Published in the September 24, 2020 edition.

By MARK SARDELLA

It’s adorable how people still refer to Nov. 3 as “Election Day.”

We’ve had “early voting” for a couple of years, which began the process of diluting the meaning of Election Day. Now, with the totally unnecessary concept of “mail-in voting,” we’re told that we may not even know the result of the presidential election for days or even weeks after “Election Day.”

The excuse for mail-in voting is COVID-19. We have to let people vote by mail because it’s much too dangerous to stop at the polls on our way home from the liquor store on Nov. 3. We can go to Market Basket two or three times a week, but going to the Galvin Middle School gym once this fall? Fraught with peril.

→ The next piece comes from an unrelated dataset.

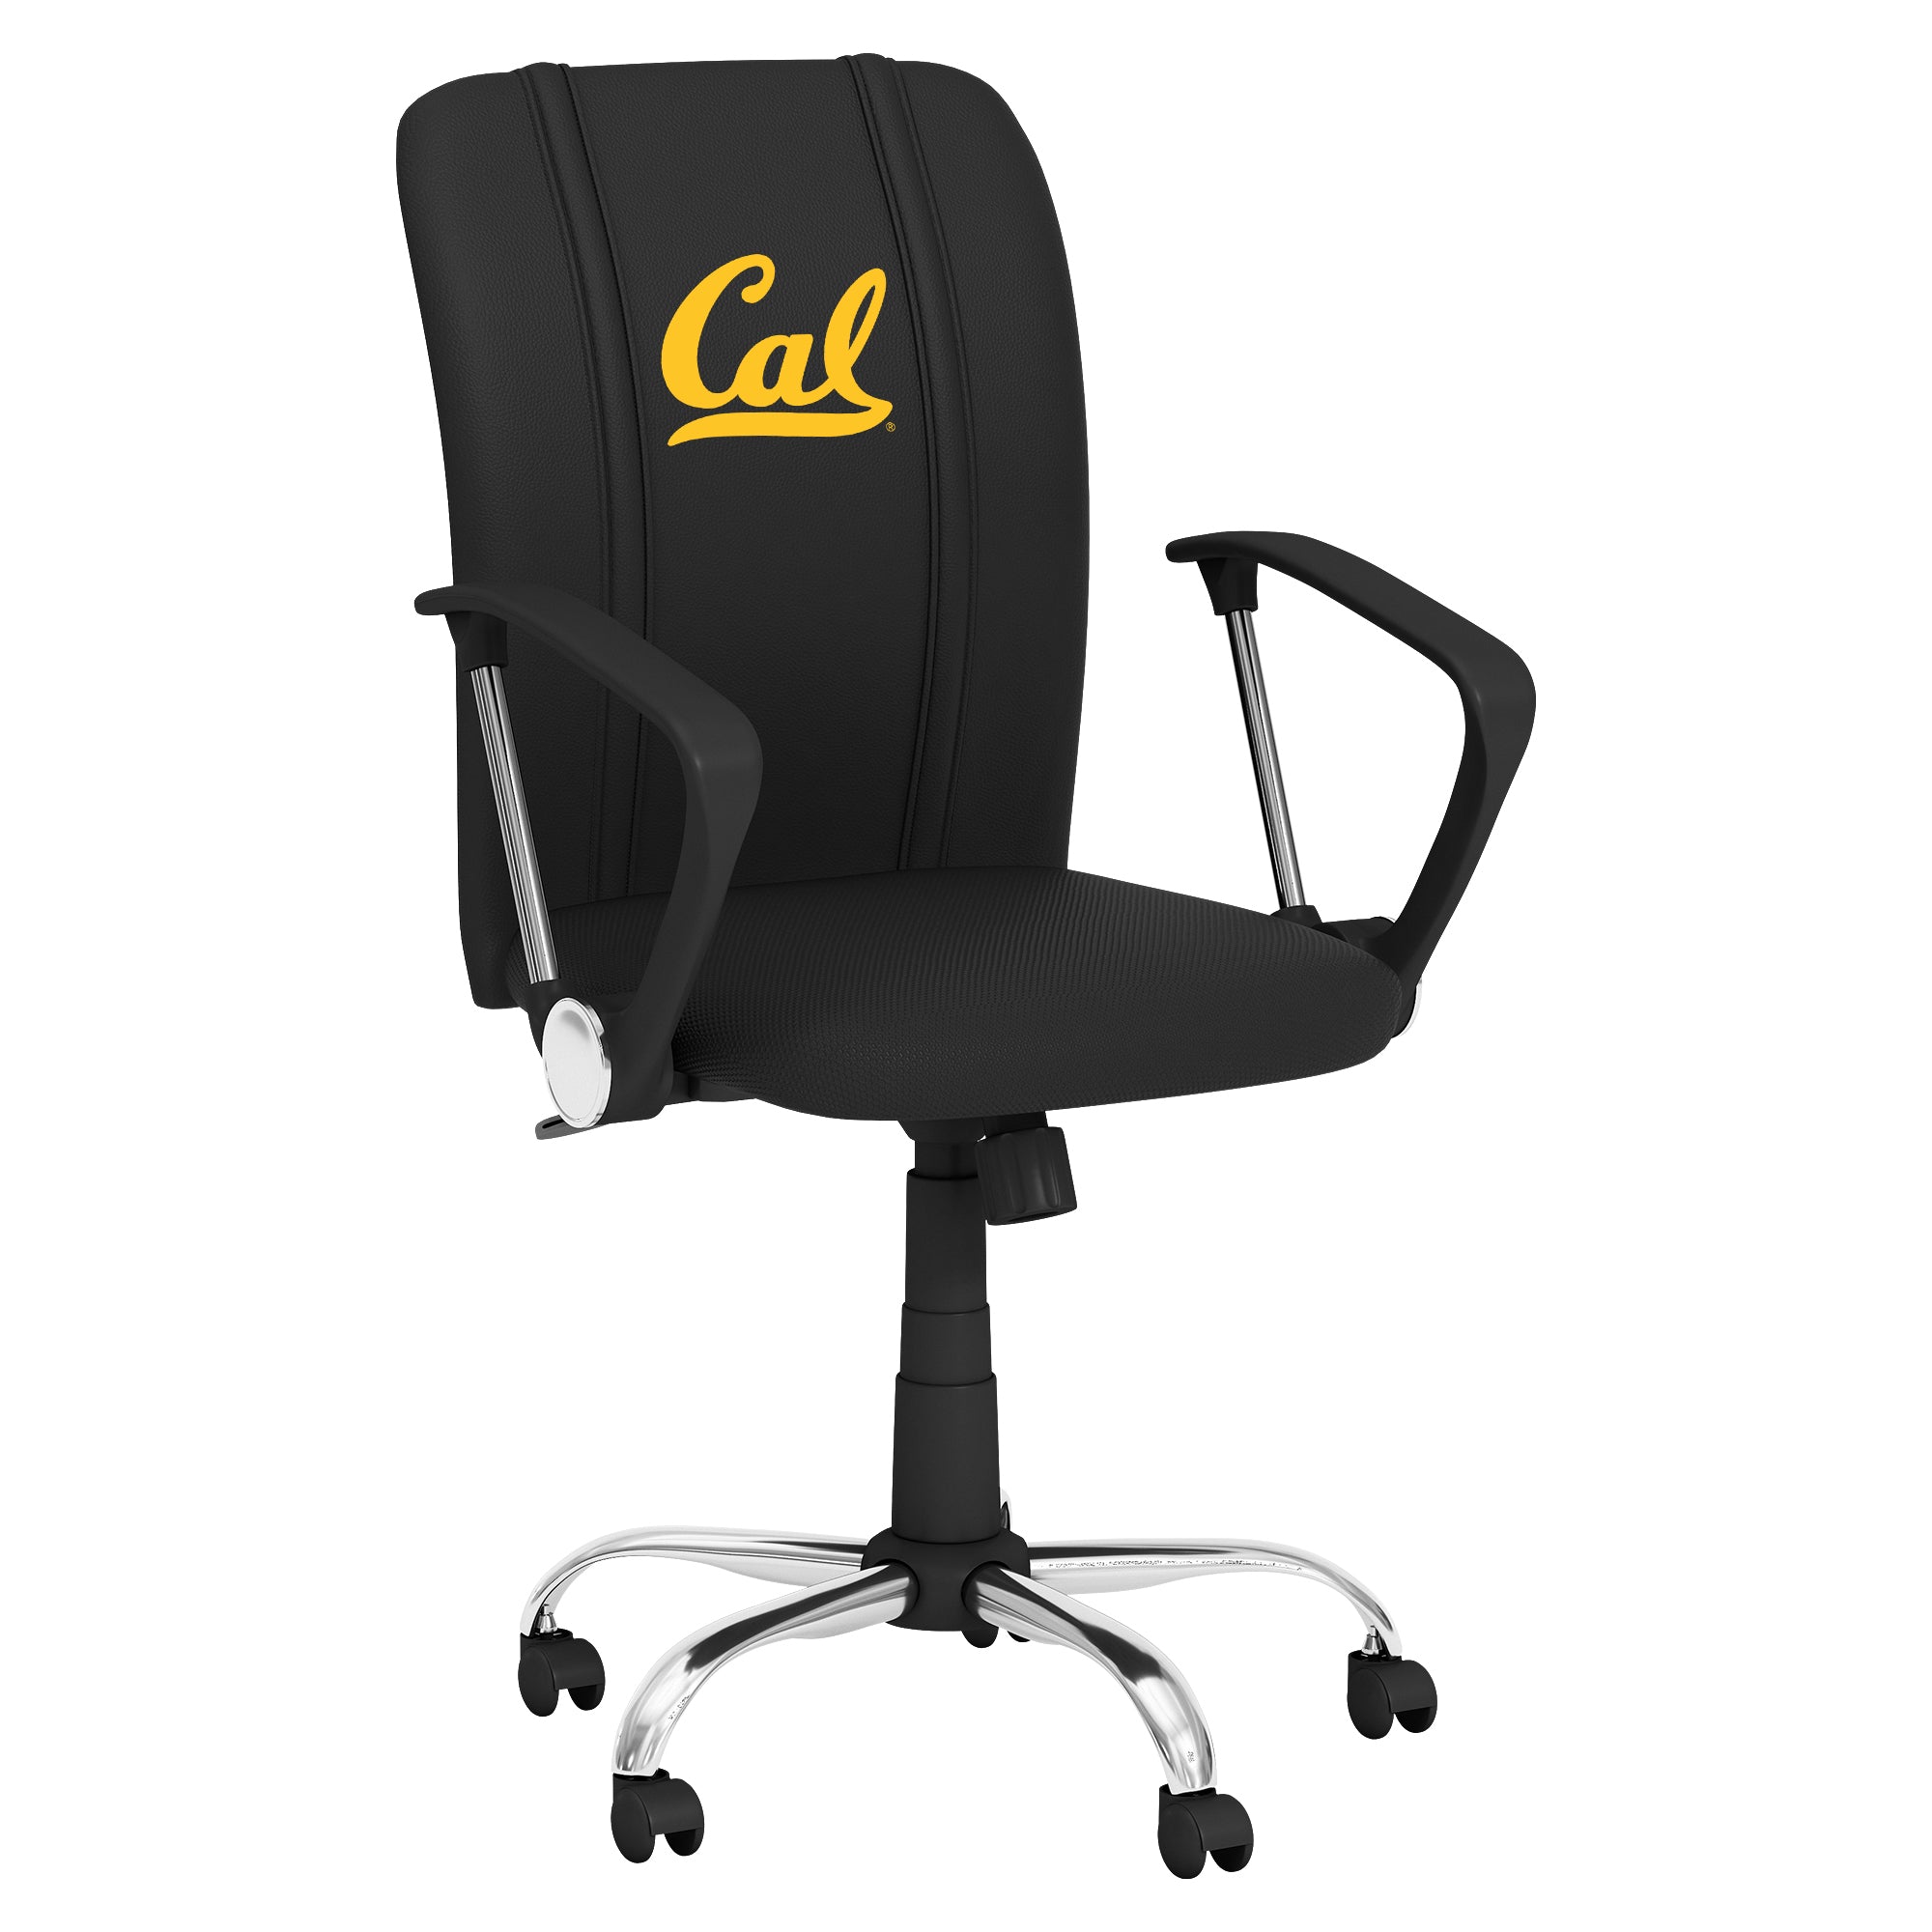 California Golden Bears Curve Task Chair with California Golden Bears Logo

I must be quite the risk-taker, because I plan on voting in person. I did it for the Sept. 1 Primary and somehow lived to tell the tale.

But don’t take my word for it. No less a figure than the infallible Dr. Fauci says voting in person is fine.

“There’s no reason why we shouldn’t be able to vote in person,” St. Anthony said, much to the horror of those who in the last few weeks have discovered a strange new fondness for the United States Postal Service.

After being the butt of decades worth of jokes, the Post Office overnight has become the most sacrosanct of institutions, about which a discouraging word must never be heard.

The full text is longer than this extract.